An ABD student wrote to me about her advisor’s generous rewriting of the dissertation text.  According to the student, the advisor doesn’t change the thought, only the language.

The ABD student recognizes that the advisor’s writing is superior to her own, Her question is if the advisor has rewritten a lot of the language of the dissertation, is the ABD student’s dissertation still her own? And is this a common happenstance?

I agree that this advisor is amazingly generous and that the student is incredibly lucky to have such a responsive advisor.  I’ve had many clients who complain that their advisors mark up their drafts with little more than where to put commas.

The two or so clients whose advisors did some rewriting were glad to have the rewritten text.  In fact, when, down the road, one of those clients started to feel lost, I suggested that he go back and read what his advisor had written.  There was much to be learned in the advisor’s writing.  Not the least of which was the confidence in the student and the interest in the student’s topic that the rewriting suggested.

As might be expected, my clients also weren’t sure if they could use the text written by the advisors as their own, and so one of them bravely asked.  The advisor said yes. (I think the advisor assumed his language would be adopted.) If this is your problem, please ask the advisor if you can use the language as written.

If your advisor replaces your language with hers, I can see that you might feel your revision process is truncated.  It might even raise questions in your mind about how you can learn to write if your process is limited in this way.
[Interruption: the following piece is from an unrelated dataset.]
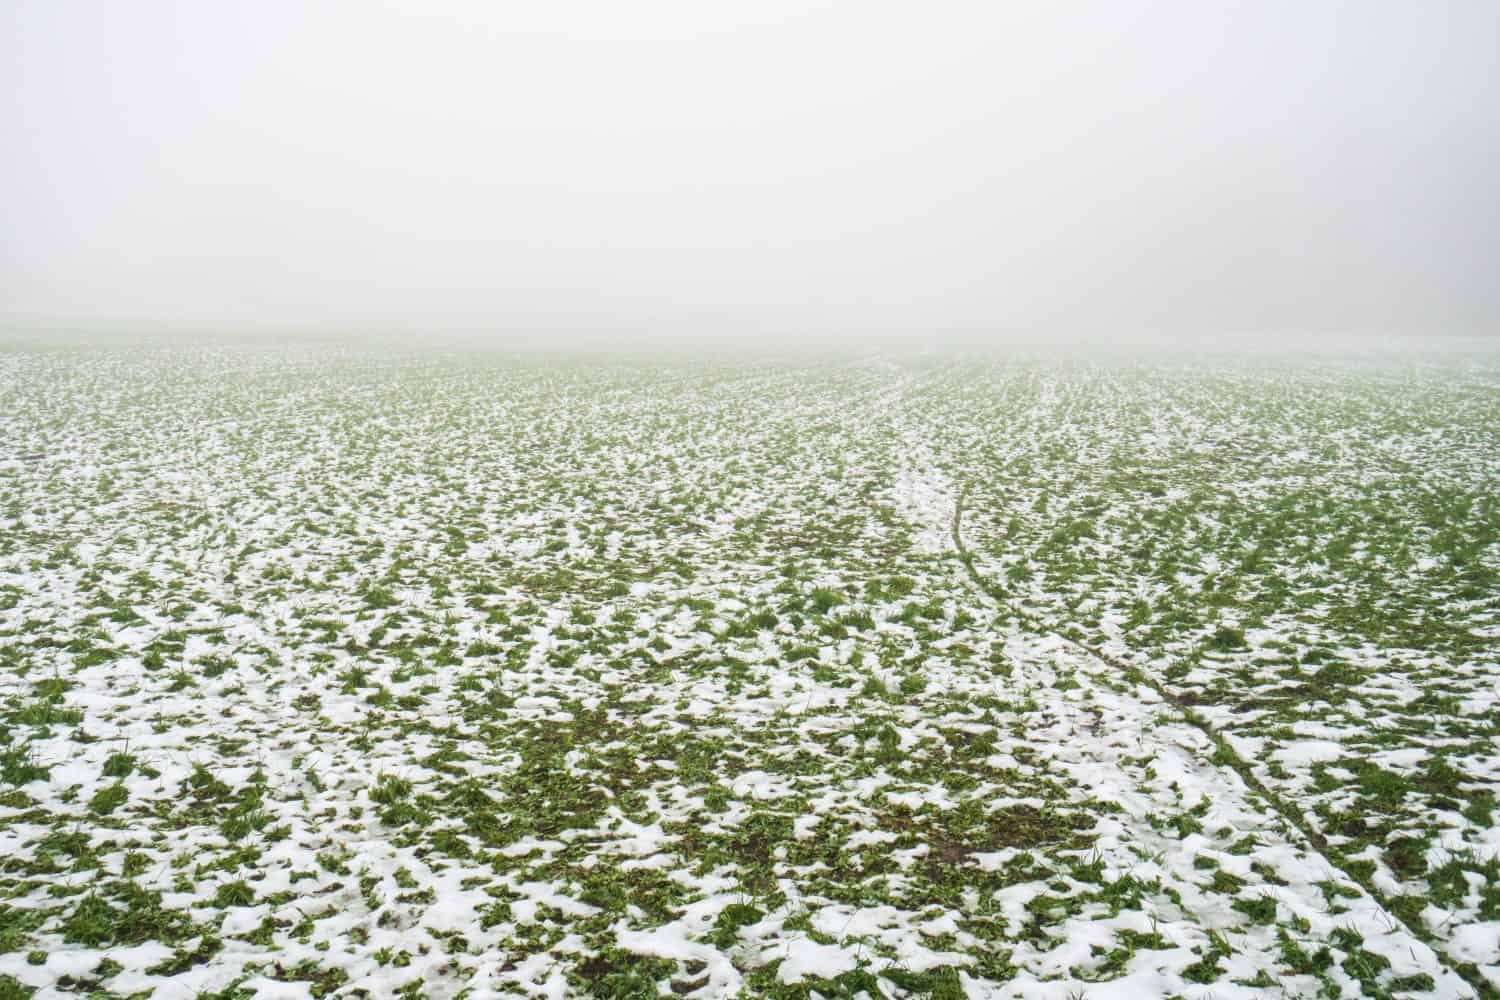 Melting snow and green grass on an agricultural field in Europe. Wide angle view, no people

As for how you can best learn to write academic discourse, you can learn by writing and rewriting and rewriting again—at the request of your advisor—but the down side might be that you would feel anxious and uncertain in trying to interpret what the advisor actually wanted you to do.

Another way to improve your skill as an academic writer would be to follow the model offered to you by your advisor.  Analyze her discourse—her use of words, her sentence structure, the argument.  Put your text side by side with hers and look for the specific differences.

The dissertation is more about learning than it is about producing a completely original work or an amazing contribution to your field.

Some of my clients have procrastinated submitting early drafts to the advisor because they know they can’t write as well as the advisor.  Well, duh! Advisors are tenured, published, and have been through this writing and rewriting and editing process umpteen times.  Their use of language shows what they’ve learned.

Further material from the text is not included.